Het is de 2e keer dat ik deel neem aan deze 120 kilometer lange tocht maar het lijkt alsof het de normaalste zaak van de wereld is. Normvervaging. 60 kilometer lijkt zo weinig en 120 net genoeg om de ultrahonger te stillen. We staan met een man/vrouw of 40 aan de wielerbaan als het startschot gaat. Ik netjes achterin zoals het hoort en nog voor de eerste halve ronde voorbij is loop ik samen met Rinus als laatste. Als we de baan af gaan in de donkere nacht is de meute de eerste hoek al om. Na een uur moet ik al plassen, logisch want ik heb voor de start 4 koppen koffie en anderhalve bidon water naar binnen gegoten. Bij de weging was ik ook 65,3 kg (normaal is 63). Het is een aparte ervaring om in een zakje te plassen en deze dan aan Kevin te overhandigen. Maar als dit ritueel zich na een uur herhaalt voelt het al normaal aan. In de verte langs de lange weg zien we de lichtjes van de voorgangers. Ze lijken niet echt ver weg misschien een kilometer of zo. Dan valt het met dat achteraan lopen ook wel mee. Mijn tempo hou ik goed onder controle tussen de 6:00 en 5:45 per kilometer. Mijn tenen voelen koud in de VFFs maar het is niet oncomfortabel. Langzaam maar zeker komen de lichtjes van de voorgangers dichterbij. Ondertussen vraagt Kevin om de 15 km hoe ik me voel en of ik last heb van mijn darmstelsel. Dit in verband dus met het onderzoek. Qua inspanning is het allemaal licht maar qua darmstelsel speelt er toch het een en ander. Het kan zijn dat ik gisteren iets teveel van de bruine bonen schotel heb genoten dan goed voor me is. Ik bedenk me wanneer ik een momentje ga nemen om te lossen. Niet hier in de berm in ieder geval want zo nijpend is het probleem nu ook weer niet. Misschien ergens waar er meer struikgewas is.
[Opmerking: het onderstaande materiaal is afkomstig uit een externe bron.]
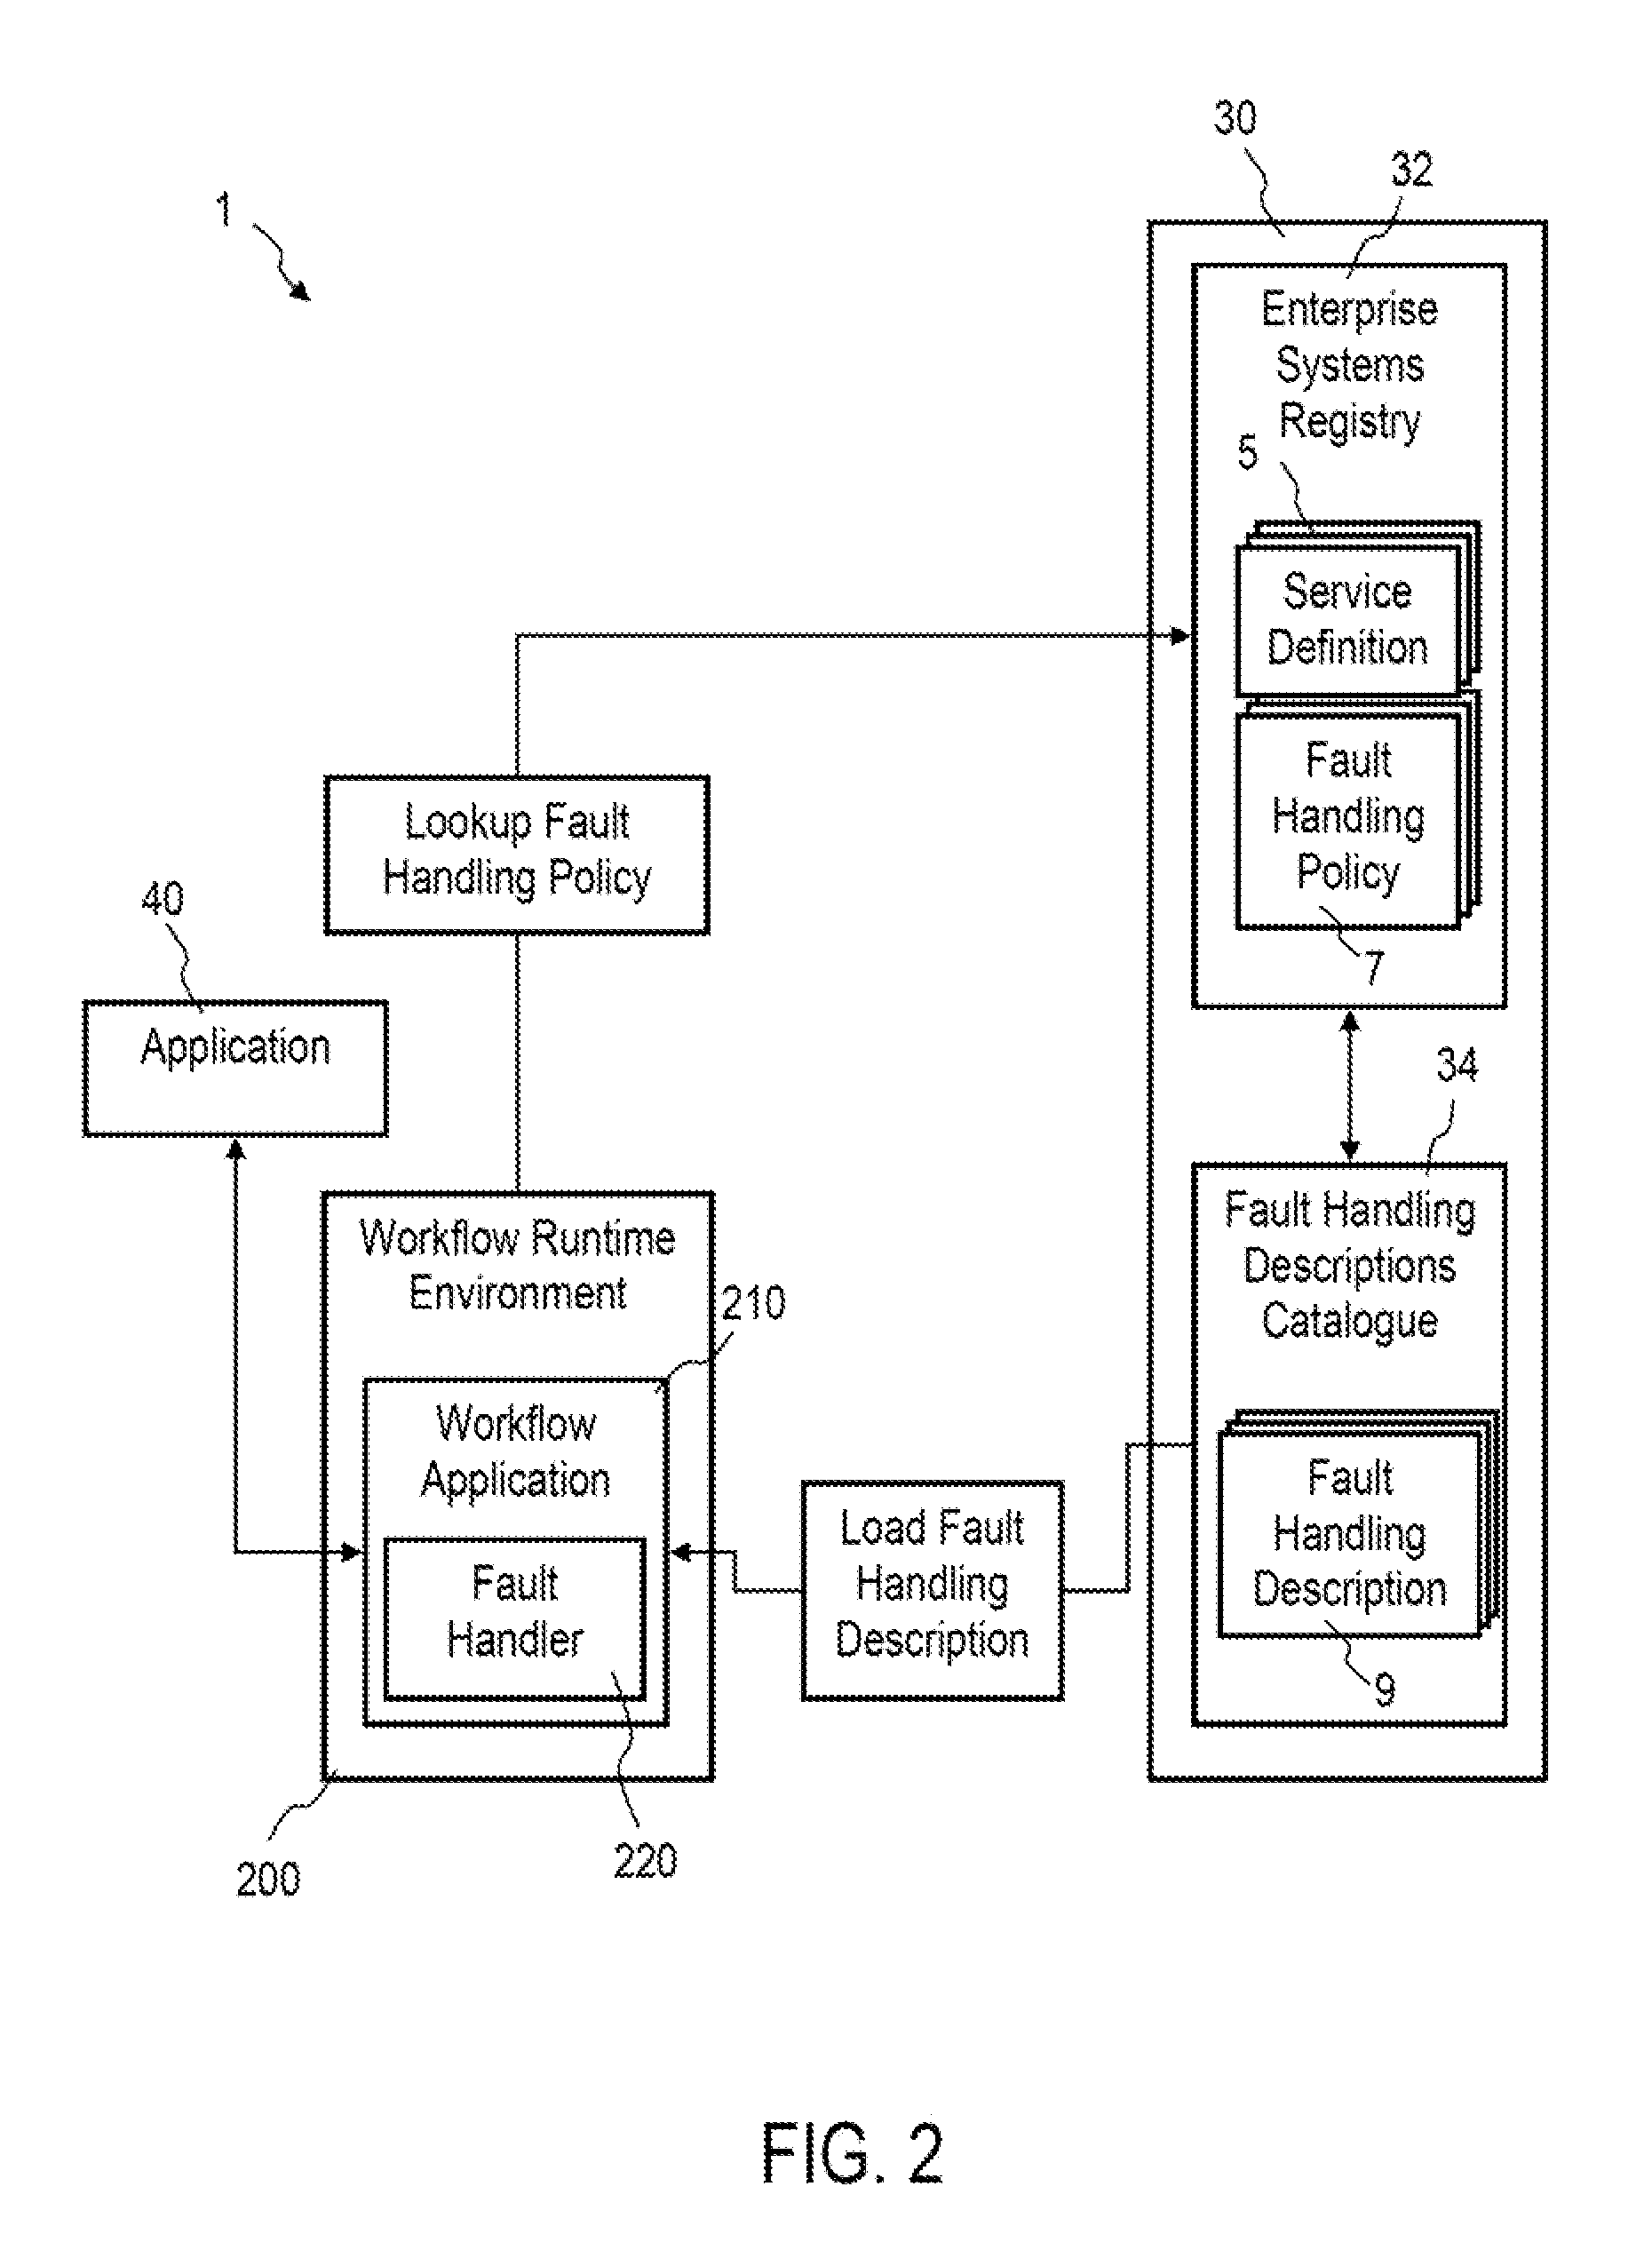 Method and Arrangement for Fault Handling in a Distributed IT Environment

De route lijkt korter dan 2 jaar geleden. Ik gooi het op ervaring en soepelheid in de benen. Ik ben 10 minuten eerder bij de vuurtoren dan de vorige keer. Dan is het keren en naar het zuiden lopen met de wind in de rug door het Sluftergebied. Ik laat me rustig meevoeren door de wind. Het is de kunst gebruik te maken van de gratis energie en tegelijkertijd jezelf niet over de kop te lopen. Ik krijg de voorgangers steeds beter in zicht tot ik alweer moet plassen. No problemo. Inhalen kan altijd nog, nu even de wetenschap helpen.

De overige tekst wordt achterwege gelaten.